Hepatic steatosis is strongly associated
Hepatic steatosis is strongly associated with insulin resistance. Numerous studies in humans and animals have shown that insulin-resistant states are often accompanied by hepatic steatosis (Angulo and Lindor, 2001, Marchesini et al., 1999, Marchesini et al., 2005, Petersen and Shulman, 2006, Seppala-Lindroos et al., 2002, Yki-Jarvinen, 2005). For example, leptin-deficient ob/ob mice, lipodystrophic mice, and mice fed a high-fat diet all develop severe insulin resistance and hepatic steatosis (Browning and Horton, 2004, den Boer et al., 2004, Halaas et al., 1995, Koteish and Mae Diehl, 2002, Shimomura et al., 1999a, Shimomura et al., 1999b).

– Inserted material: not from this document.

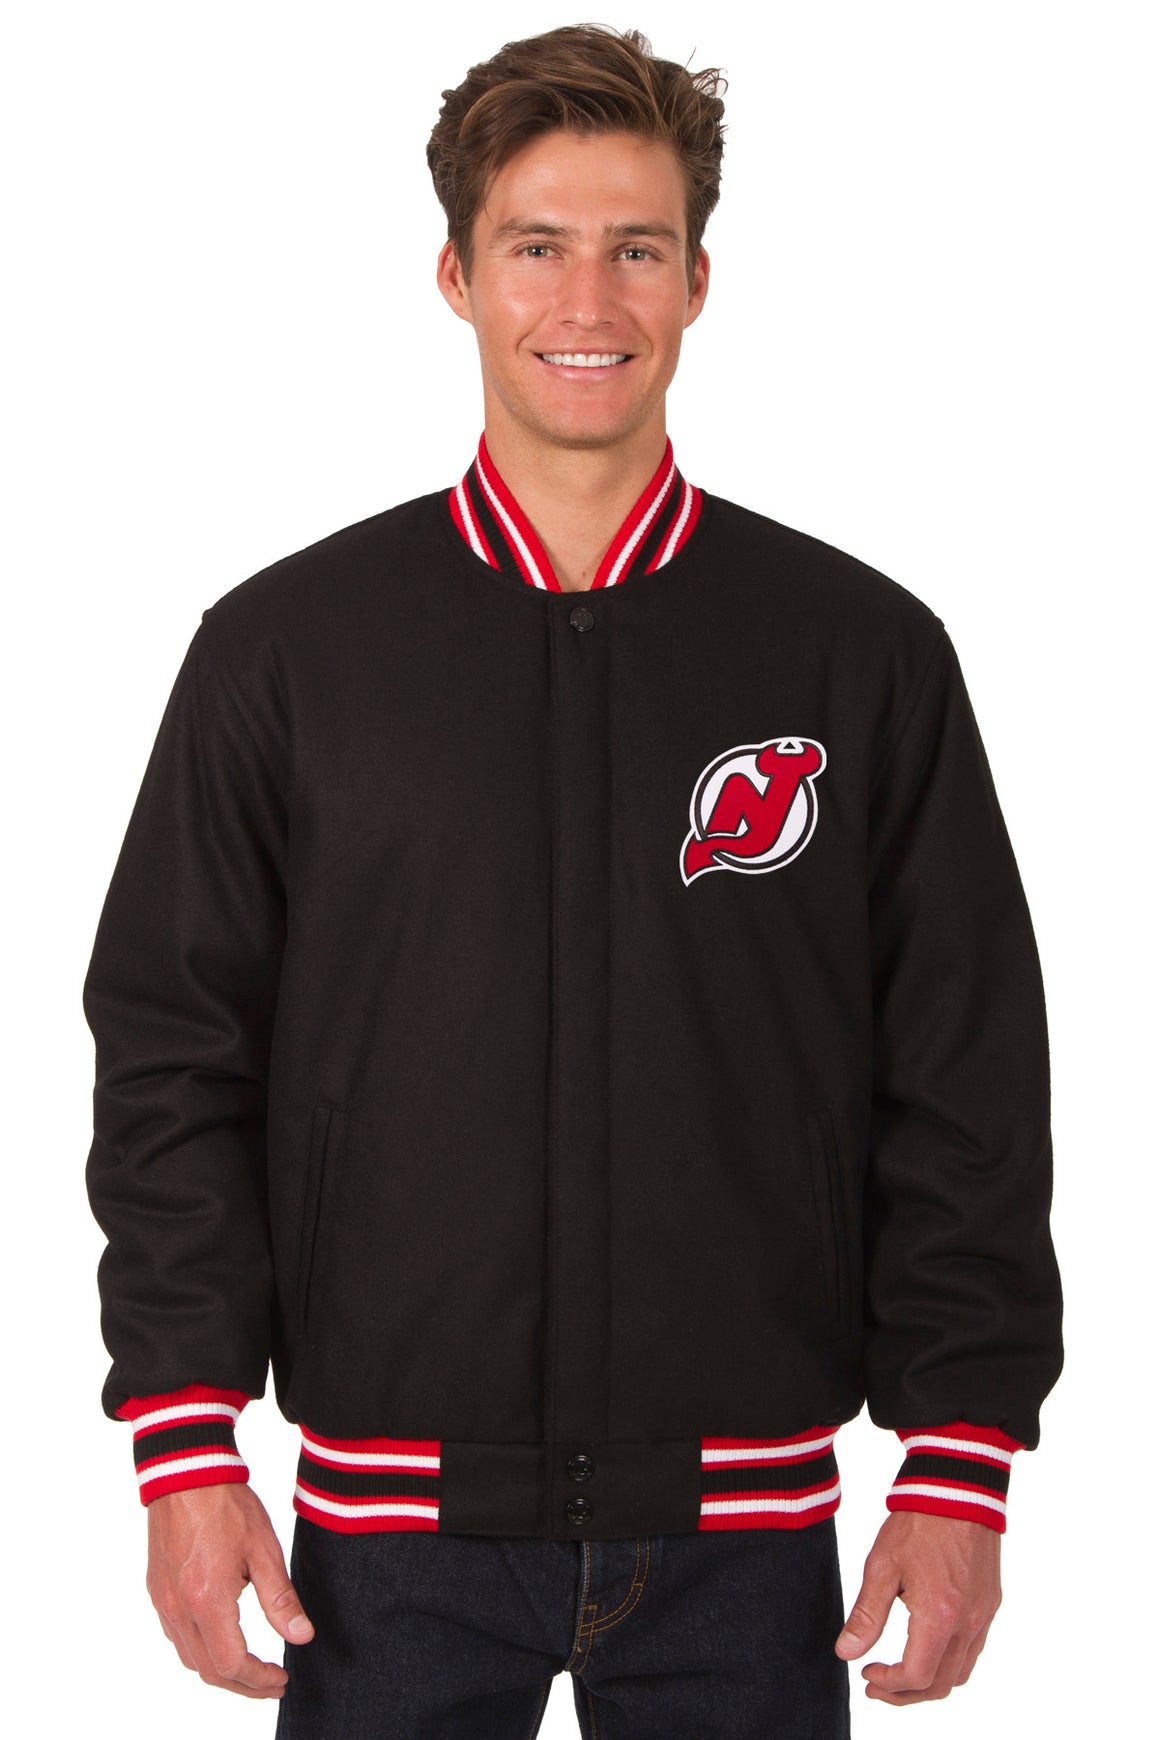 New Jersey Devils Reversible Wool Jacket - Black/Red | J.H. Sports Jackets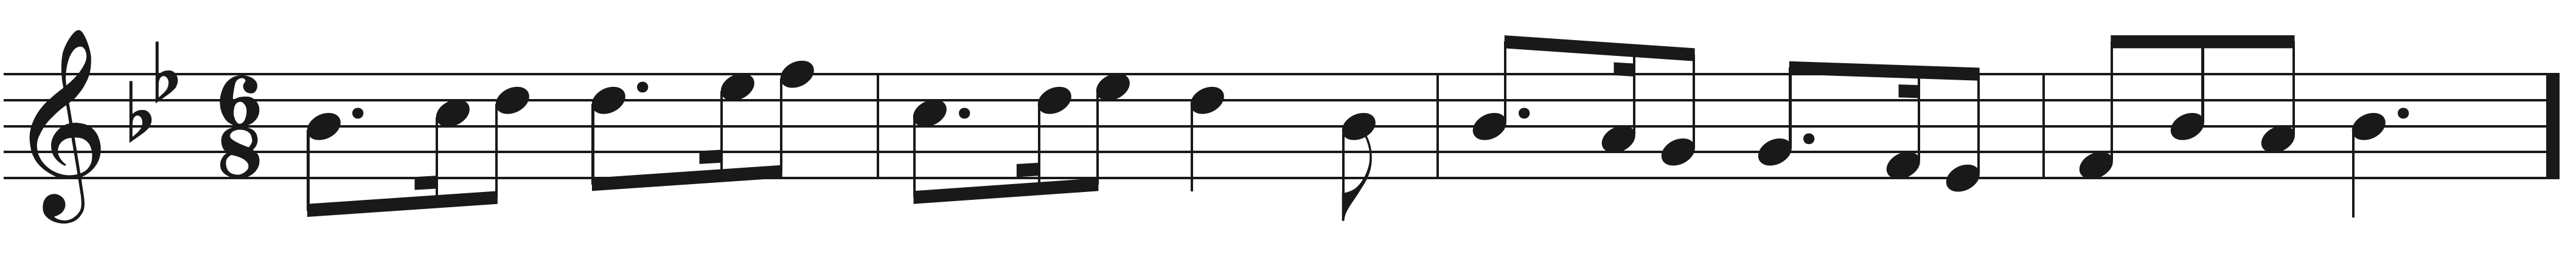 Intro to Harmonizing a Melody Sight Singing exercise example

However, the causal relationship between hepatic steatosis and insulin resistance is uncertain. On the one hand, it seems clear that systemic insulin resistance may lead to steatosis. Insulin resistance is often accompanied by hyperinsulinemia, which can activate hepatic signaling pathways and sterol regulatory element binding protein 1c (SREBP-1c), which in turn activates the transcription of genes involved in fatty cytochrome p450 inhibitors biosynthesis (Farese et al., 2005a, Matsumoto et al., 2003, Shimomura et al., 2000). On the other hand, whether hepatic steatosis is sufficient to cause hepatic insulin resistance is less clear. Acute intravenous infusions of lipids or chronic high-fat feeding can result in hepatic steatosis that is accompanied by insulin resistance (Boden et al., 1994, Boden et al., 2002, Collins et al., 2004, Gauthier et al., 2003, Winzell and Ahren, 2004). However, models of lipid administration are complex and may be accompanied by alterations not restricted to the liver, making it difficult to determine the contribution of steatosis to insulin resistance.
To directly test the hypothesis that hepatic steatosis leads to insulin resistance, we studied transgenic mice that overexpress human DGAT enzymes, which catalyze the final step of triacylglycerol (TG) biosynthesis (Buhman et al., 2001), in the liver. We focused on mice overexpressing DGAT2 (Liv-DGAT2 mice), the more potent (Stone et al., 2004) and specific (Yen et al., 2005) DGAT for increasing TG synthesis. We analyzed the phenotype of Liv-DGAT2 mice, focusing on hepatic lipid accumulation and the effects of steatosis on hepatic insulin signaling and whole-body glucose metabolism. To further test the hypothesis, we also analyzed glucose metabolism in a line of Liv-DGAT2 mice with higher expression levels and in transgenic mice that overexpress DGAT1 in the liver.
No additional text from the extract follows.